Wednesday, February 20, 2013

Legality of private claims

In order to reason about anything you need to have some foundational principles. If those principles are wrong, your reasoning is suspect. In order to proceed with my argument, it must be understood that ownership always begins with a claim.

By what legal right can an individual make a property claim? John Locke answered with his 'Labor theory of property.' I don't accept that reasoning as valid, anymore than the discredited marxist 'labor theory of value' is valid. Labor has nothing to do with either. Did I just dispute the famous John Locke? Yes and you can as well because...

It is much more fundamental than that. Ownership is the ability to withstand challenges denying a claim of ownership. Nothing more, nothing less. Legality is simply acceptance of this fact followed by legal recognition. It doesn't matter how many pieces of paper you have saying you have title to a thing if some entity takes it away from you. It does matter if you can defend your claim. Do you accept that the Taiwanese own their property? If the Chinese take it away, would they own it? Would any discussion matter? Time would make it legal either way even if under dispute.
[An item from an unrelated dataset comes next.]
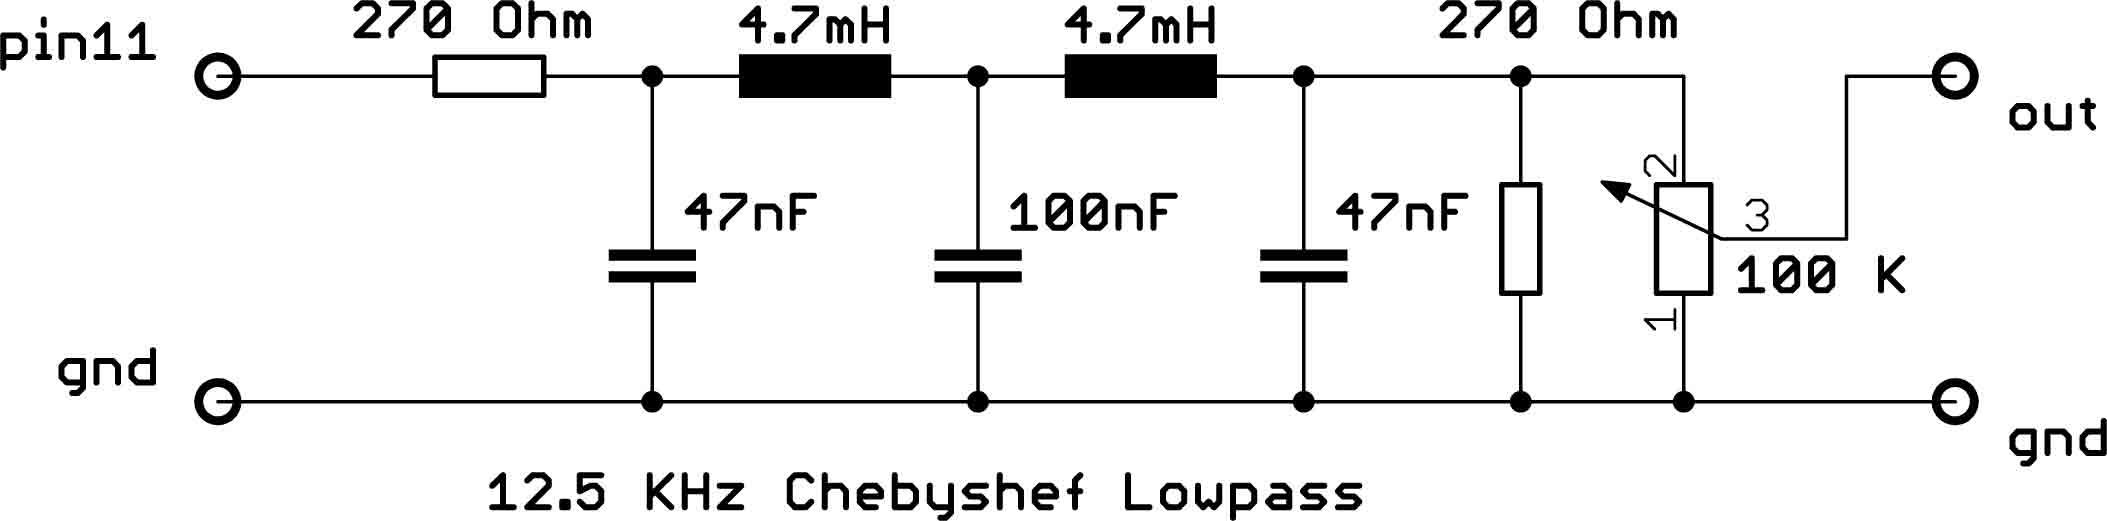 circuit diagram signal generator symbol function generator circuit rh color castles com
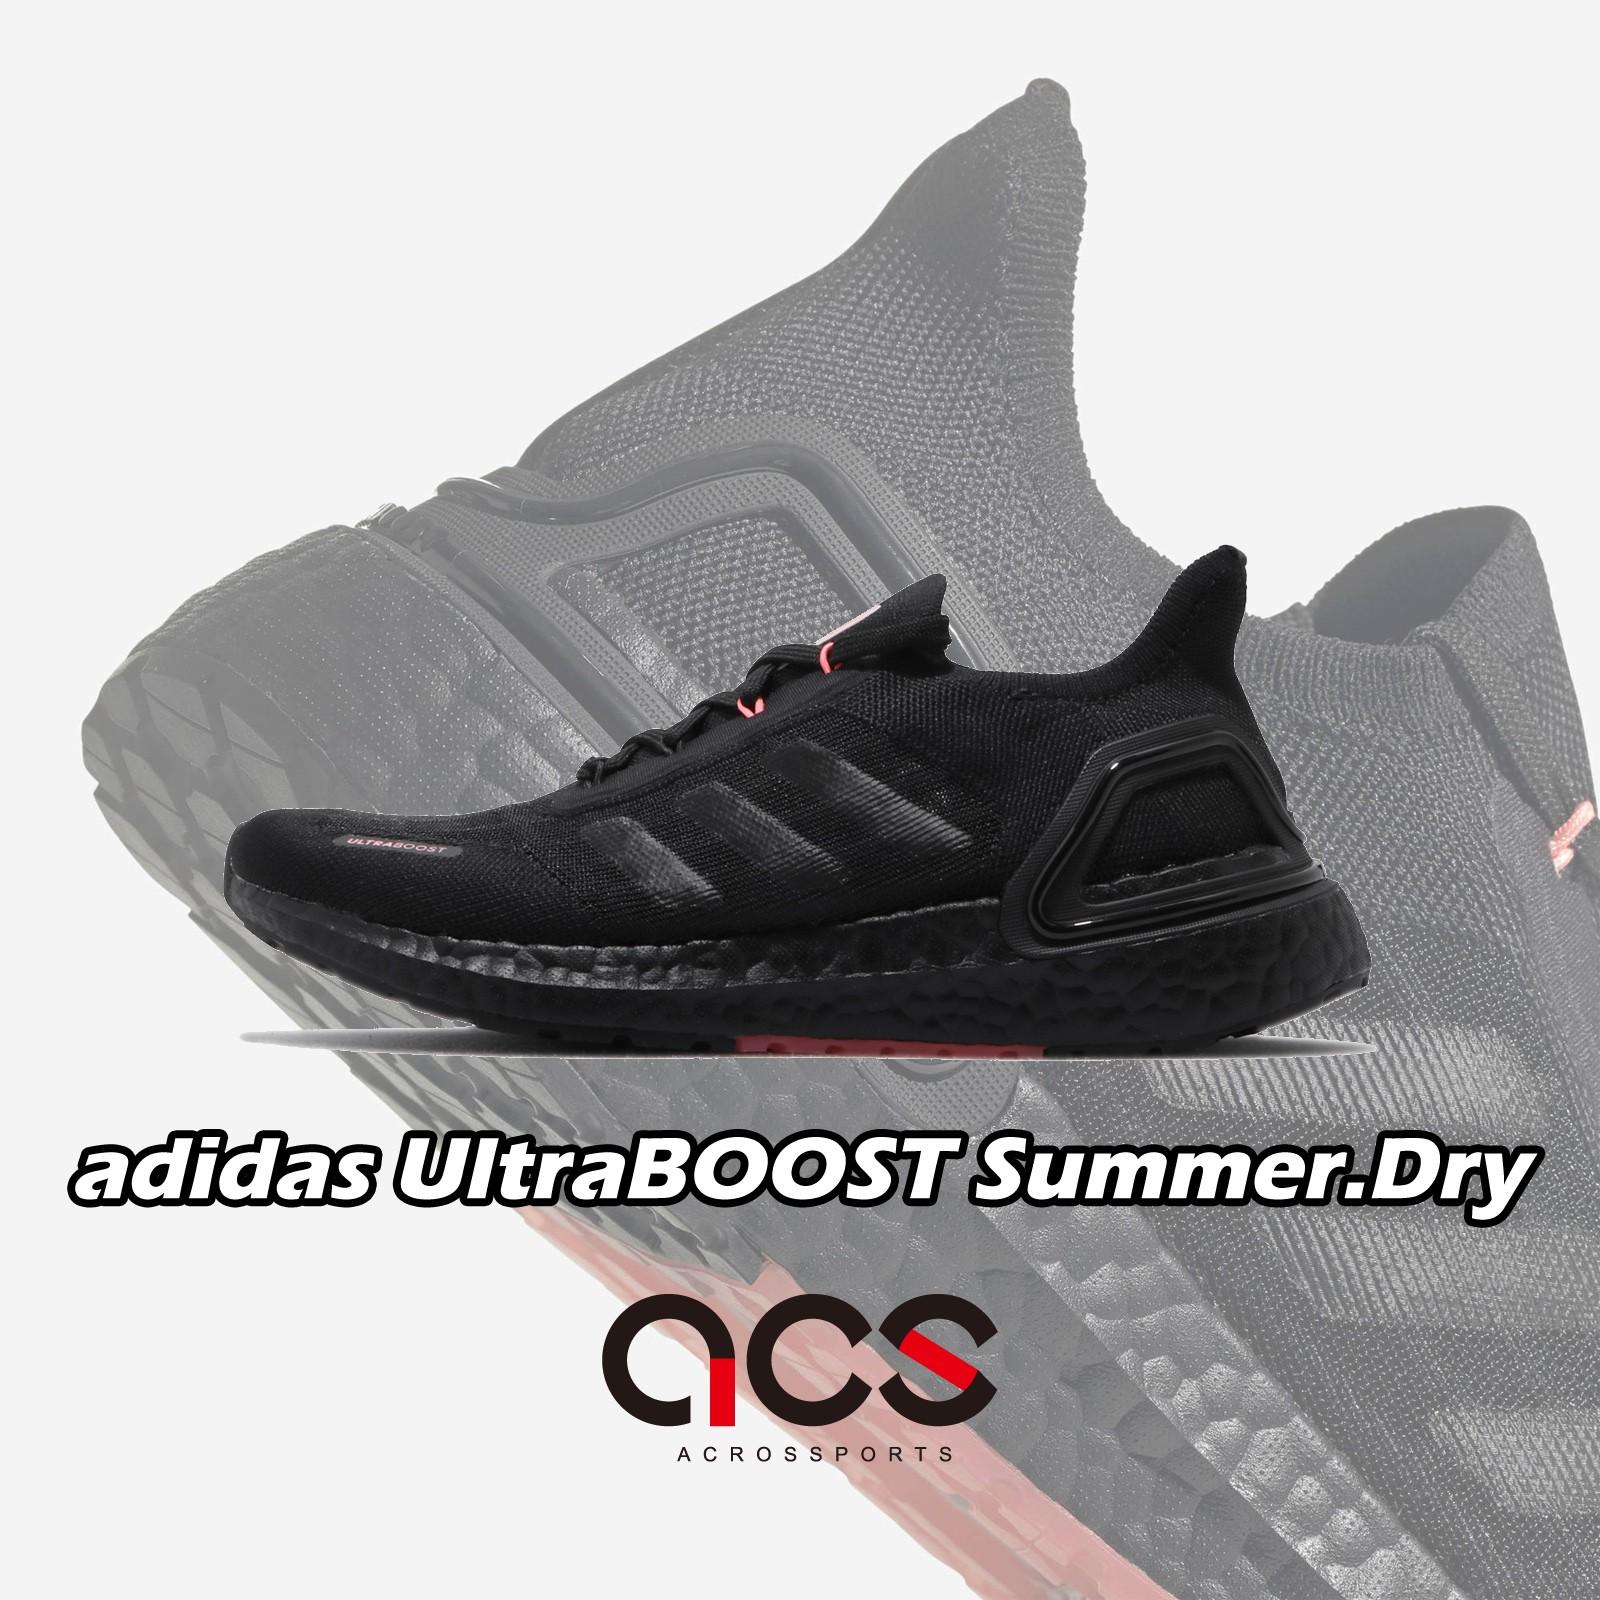 adidas 慢跑鞋 UltraBOOST Summer.Dry W 全黑 黑 女鞋 愛迪達 【ACS】 EG0746

We think of nations making claims, but before nations existed, individuals made claims and others recognized those claims. Even owned property can become someone else's by possession. Unowned property even more so.

A claim can be, strong or weak, true or false, or just plain silly.

A claim becomes legal when you make it legal by the way you go about it. For example, a group can agree to terms. That is a legal contract. It is no violation of law to claim unowned property since that's how all property becomes owned. The point is to mitigate disputes. You do that by going about in an orderly and reasonable manner. That's all law is about.

Or are you going to accept the argument that only someone else, not you, can claim property? That is ridiculous. Free your mind.